Fig. 258.—A male plant of Stangeria paradoxa (about 1/15 nat. size).
Fig. 259.—Female cone of Zamia integrifolia (½-⅓ nat. size). The male cone is very similar externally.
The FLOWERS are without perianth. The MALE FLOWER is sometimes an enormous collection of stamens (Fig. [258]), which are flat in some (Cycas, Fig. [241]), shield-like in others (Zamia, Ceratozamia) like the sporophylls in Horsetail (Fig. [259]); but in all, the pollen-sacs are situated in large and varying numbers on the back of the stamens, and arranged in groups of 2–5, like the sporangia in the sori of the Ferns (Fig. [241] b, c). Female flowers are wanting in Cycas, because the carpels do not terminate the apical growth of the stem. After a group of foliage-and of scale-leaves, a group of carpels is developed, which are pinnate and resemble the foliage-leaves, bearing on their edges a number of ovules (most frequently 5–6) (Figs. [245], [256]); the same stem produces successively scale-leaves, foliage-leaves, and carpels. The differentiation is not much more advanced than in certain Ferns (Struthiopteris, Blechnum), where barren and fertile leaves of different form regularly alternate. The other genera have female flowers; the carpels are shield-like in Zamia and Ceratozamia (Fig. [246]), and collected into cone-like flowers, which terminate the growth of the stem (Fig. [259]). The number of ovules in these instances is two to each carpel.

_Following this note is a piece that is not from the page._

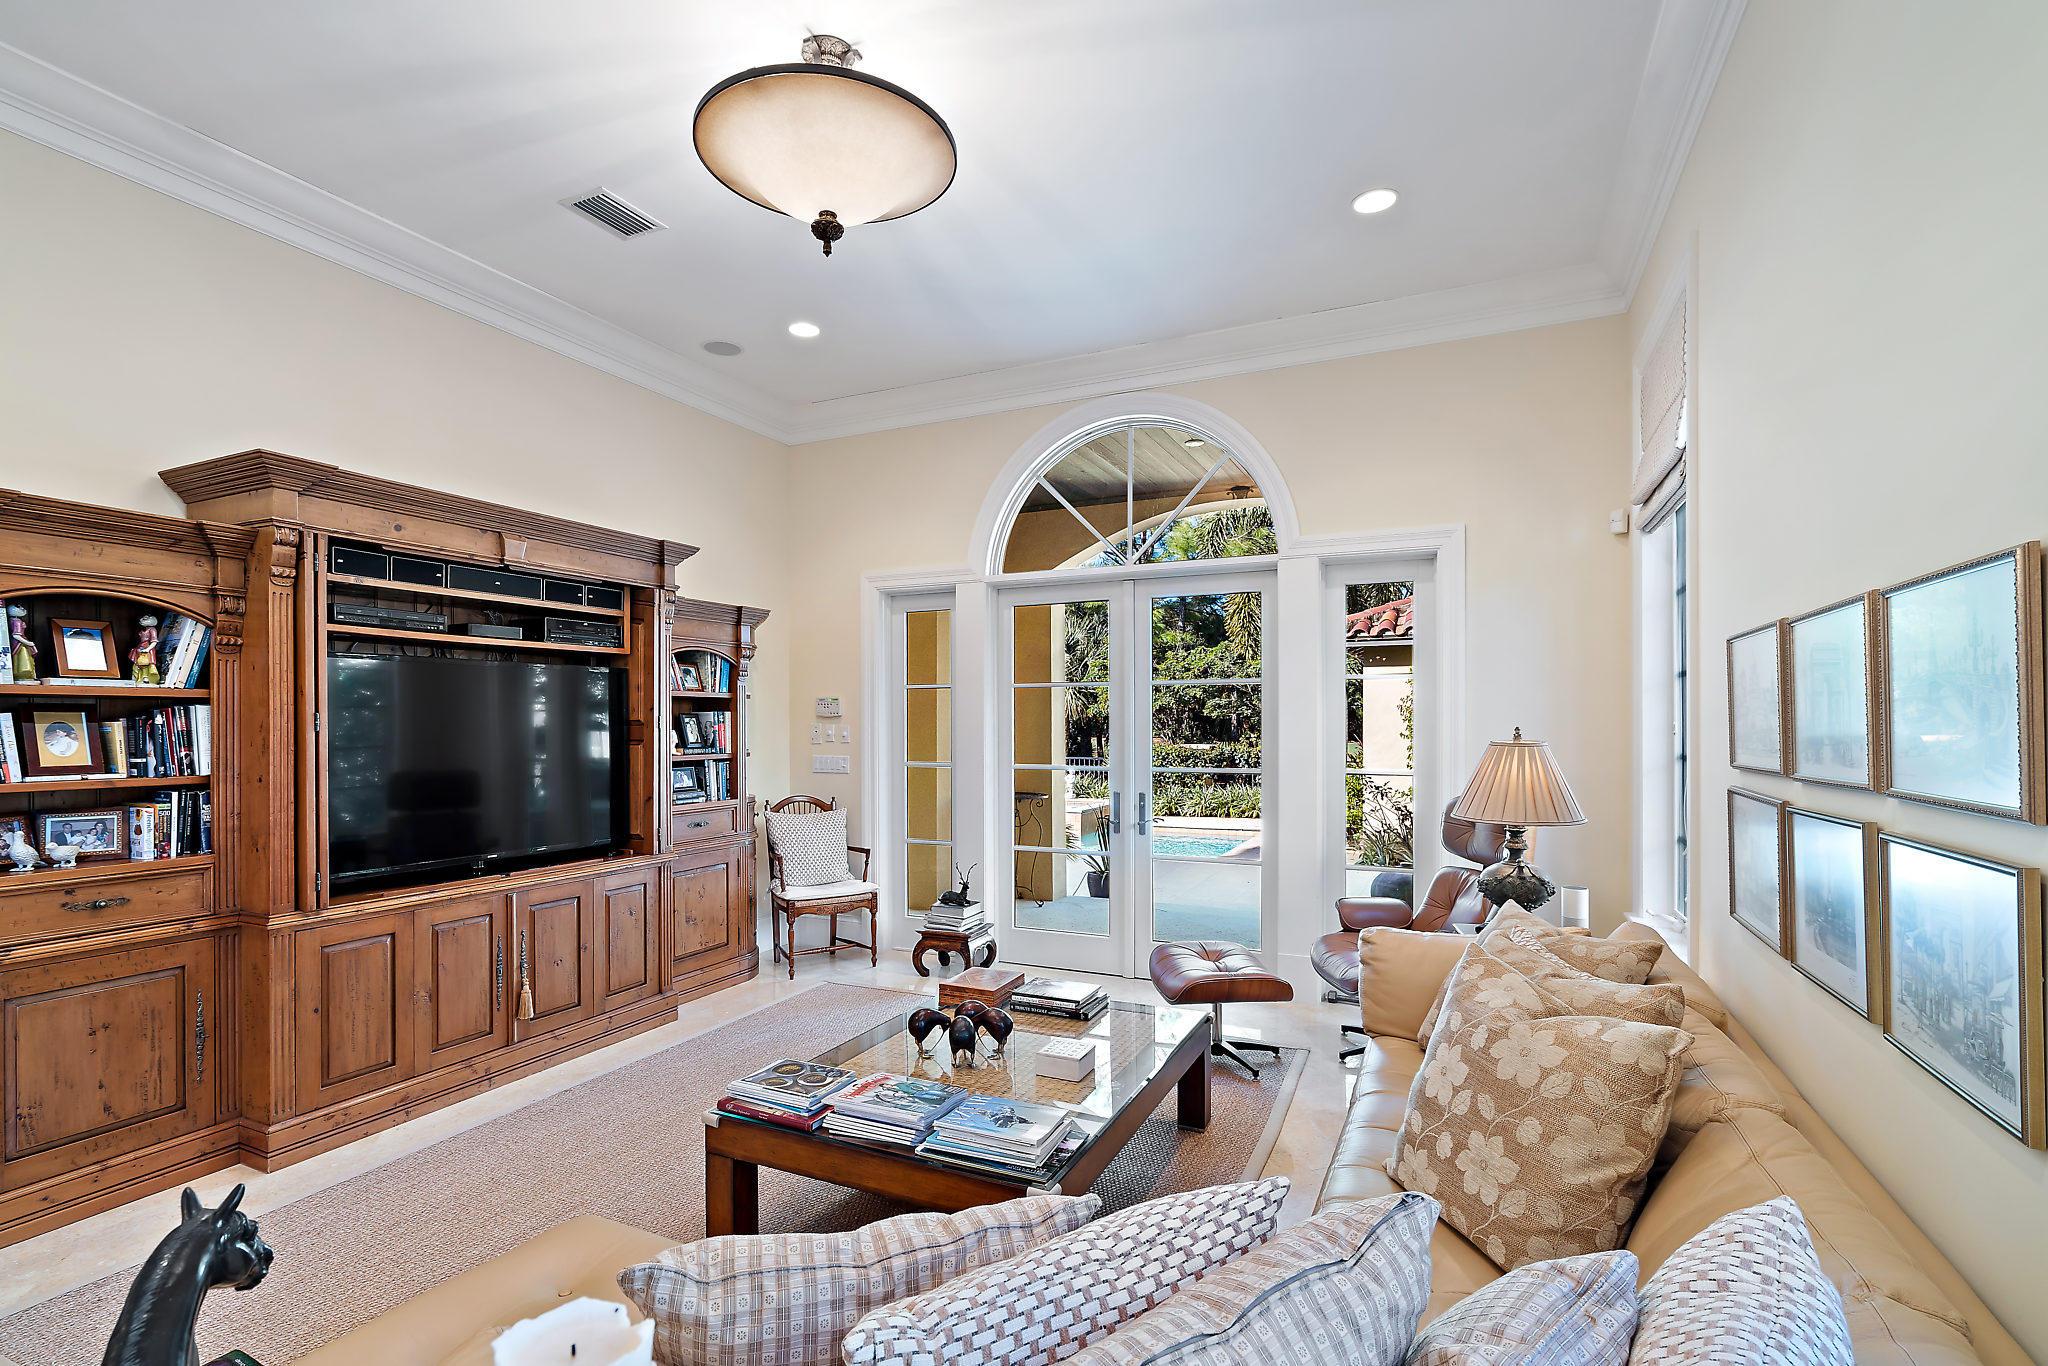 504 Bald Eagle Drive, Jupiter, Florida 33477, 5 Bedrooms Bedrooms, ,6.1 BathroomsBathrooms,A,Single family,Bald Eagle,RX-10497247
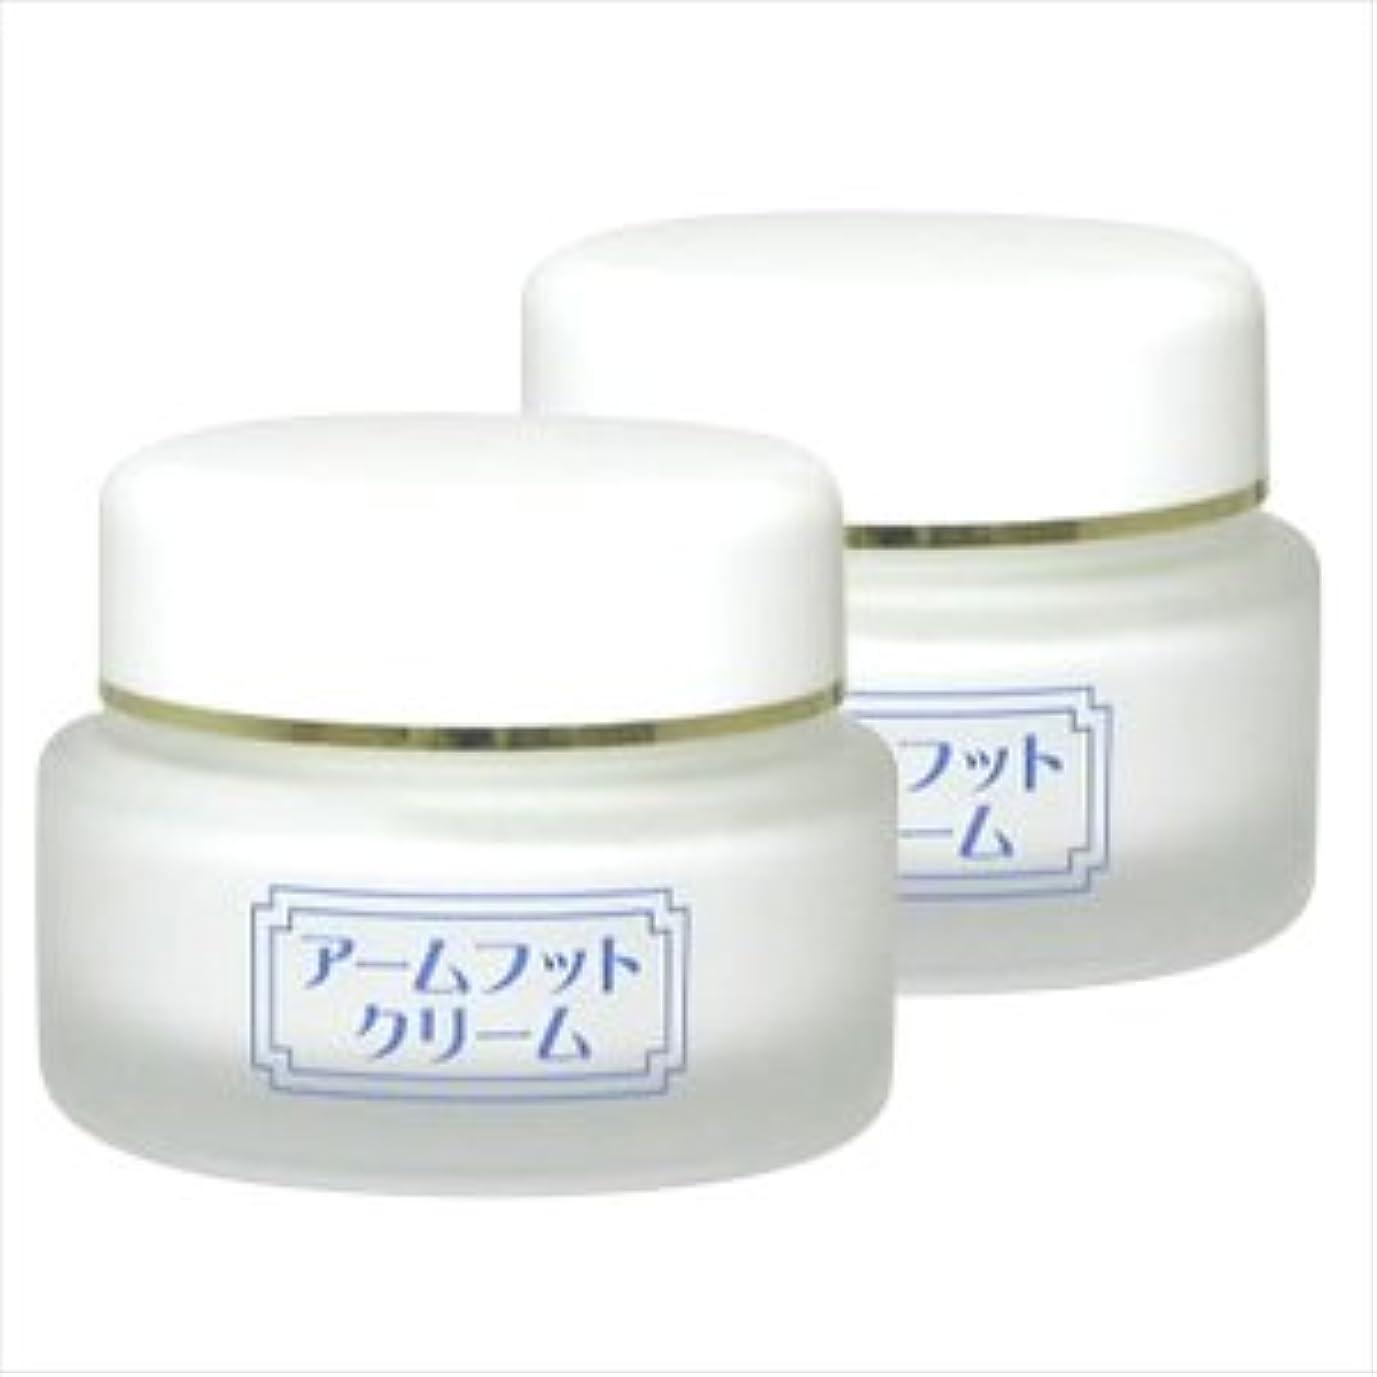 ビリーうなるトンネル薬用デオドラントクリーム アームフットクリーム(20g) (2個セット)

The SEEDS are large (most frequently 2–6 centimetres long) and plum-like; the external layer of the testa is fleshy, while the internal one is hard and horny. There are two systems of vascular bundles in the testa, one outside, the other inside the stone. The embryo is straight, attached to the end of the suspensor, which is often long, filamentous, and rolled up; it has one or two cotyledons.
The embryo in Ceratozamia and others is very slightly developed, at the time when the ripe seed is detached from the carpel; and it is not until after sowing that its further development and germination proceed. This calls to mind the Cryptogams, especially Selaginella, whose macrospores are thrown off filled with endosperm; but the oosphere is not fertilised till after the separation of the macrospore from the parent-plant, while in the Cycadeæ fertilisation is effected before the separation. In Cycas the testa may rupture, and the endosperm grow and become green in the light, even though no embryo has been formed. This also is an indication of its prothalloid nature.
Gum-passages are present in all organs. Collateral vascular bundles, with spiral and scalariform tracheides, are found; and normal thickening takes place by means of a cambium. An exceptional mode of growth is found in Cycas and Encephalartos, the cambium ceases to divide after a time and is replaced by a new cambium which arises in the cortical parenchyma just outside the bast, and which forms a new ring of xylem and phlœem. This may be repeated so that a number of concentric rings are produced. In Ceratozamia, structures resembling corals extend from the roots in a vertical direction and appear on the surface of the soil; these are peculiar roots, in which a symbiotic Alga (Anabæna) is found.
The Cycadeæ were formerly (from the Coal period to the Later Cretaceous) far more numerous than at the present day. They appear to have been most numerous in the Trias and Jurassic. The remnant (75 species) which have persisted to the present time are found in all tropical countries. Cycas (Trop. and Sub-trop., Eastern Hemisphere); Dioon (Mexico); Macrozamia (Australia); Encephalartos (Trop. and S. Africa); Stangeria (Fig. [258], Sub-trop. South and East Africa); Bowenia (Trop. Australia); Ceratozamia (Mexico, New Granada, Western Brazil); Microcycas (Cuba); Zamia (Trop. and Sub-trop. N. America.)
Uses. Sago is made from the starch-containing pith of Cycas revoluta and circinalis. The leaves are often used at funerals and church festivals, under the name of “palm-branches.”